Behind the images of Léopold Rabus seem to hover those happy childhood memories of the days when grandpa took you by the hand and walked with you through a park to settle down on a bench by the lake to feed the ducks. The gentle colors still recall the joyful gleam in children’s eyes - but since then, something has changed. Smiles have turned into manic grins staring down into cribs of children with egg-white eyes and absurdly straight, wound-like partings.

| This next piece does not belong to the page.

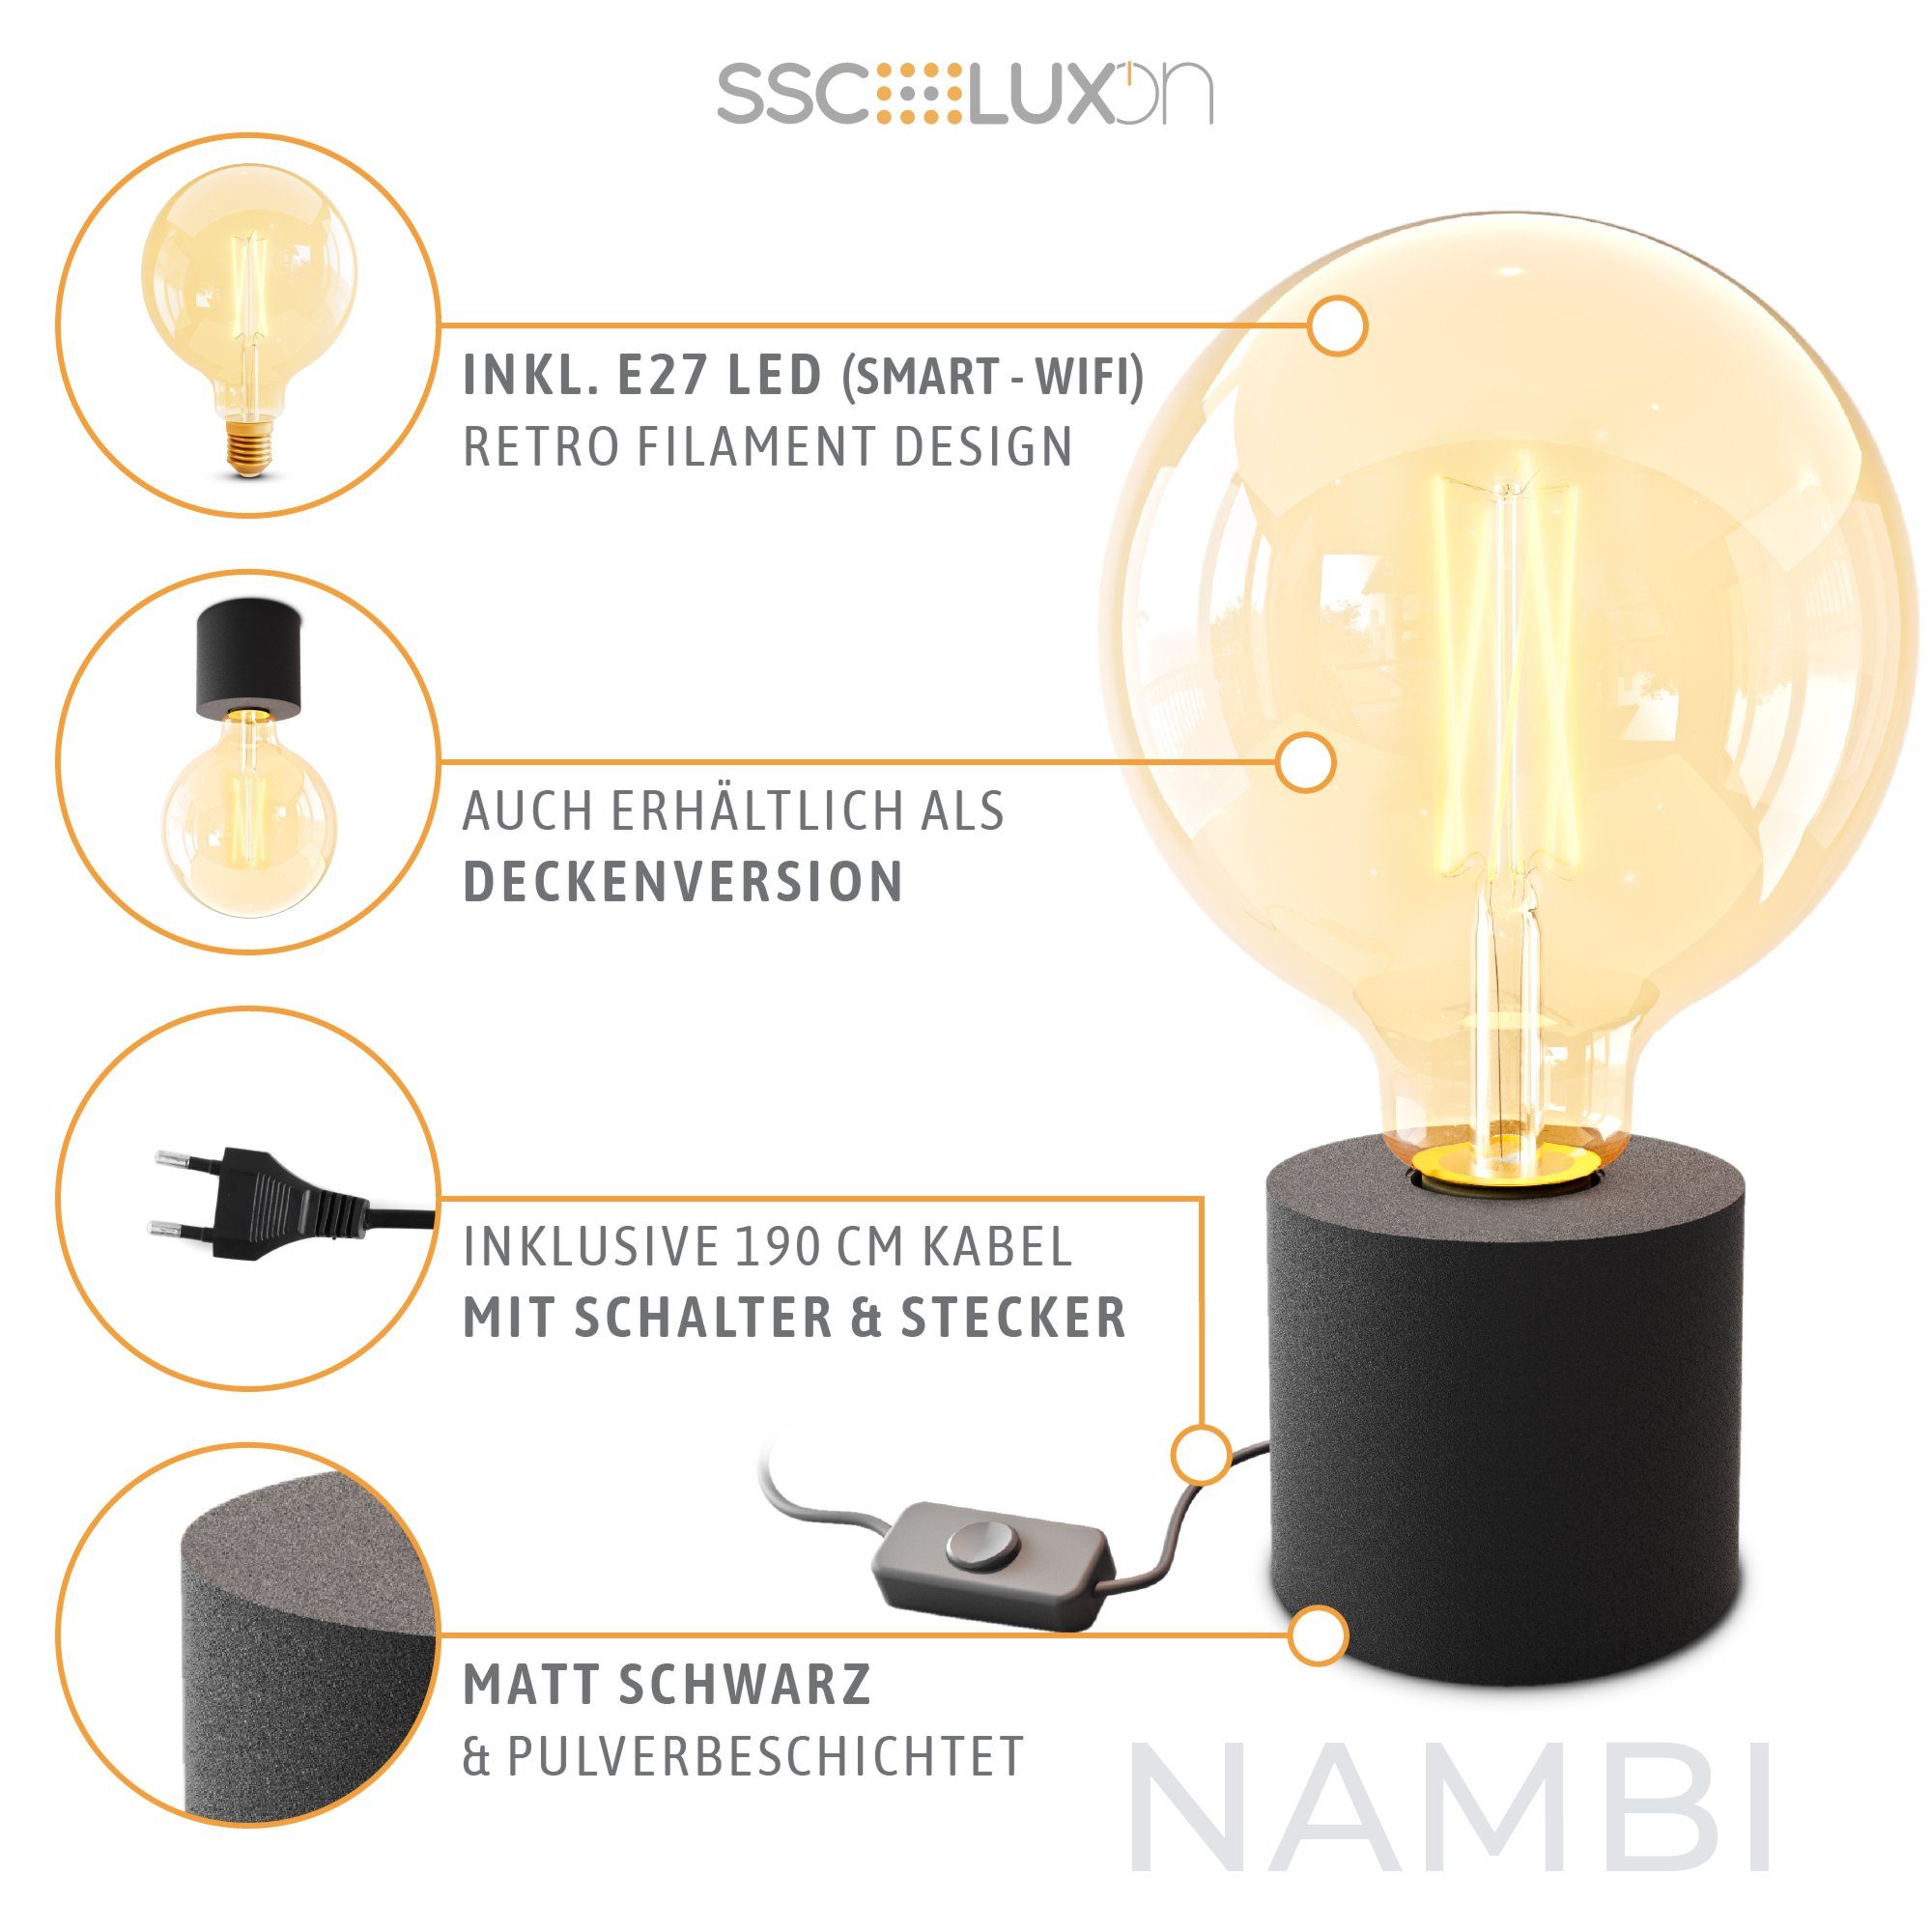 SSC-LUXon LED Bilderleuchte NAMBI Stecker Tageslicht bis Warmweiß Wand- & & schwarz E27, mit Kabel Tischleuchte mit

The innocence of those childhood days is lost, the ducks have turned into sharp-beaked crows bearing the ugly marks of many fights upon their faces’ raw flesh.
As if to preserve the bliss of a slowly but persistently blurring past, a crow’s portrait is retained in an old and artfully graved wooden frame as one would do with a late great aunt’s photo; the votive-like painting becoming a subtle trigger for thoughts along the line of mortality and decay,
The pictorial worlds of Léopold Rabus defy any clear definition. He plays with clichés, with symbols and well-known motives, alters them or assigns them new meanings. His thematic series engage in aspects of good and bad, of religion and sexuality, life and death, themes that come to be satirized by the shrill coloring, the particular materials and the extraordinary luminance of the paintings. The young artist’s unmistakable style, his manner of combining the aesthetic with the abysmal, the carnal with the ulterior, his unfolding of twilight worlds filled with fantasy and ambiguity, the energy and forcefulness of his paintings bestow his works with a vibrancy whose impact one can hardly elude.
Léopold Rabus lives and works in Neuchâtel and Paris. He was rewarded in 2006 the 'Swiss Art Award’ and in 2005 the ‘Premio Lissone’ award. His work is represented in various museums in Europe like the Gemeentemuseum in The Hague or the Frissiras Museum in Athens among many private collections like the Zabludowicz Art Trust, London or the Collection Olbricht in Germany.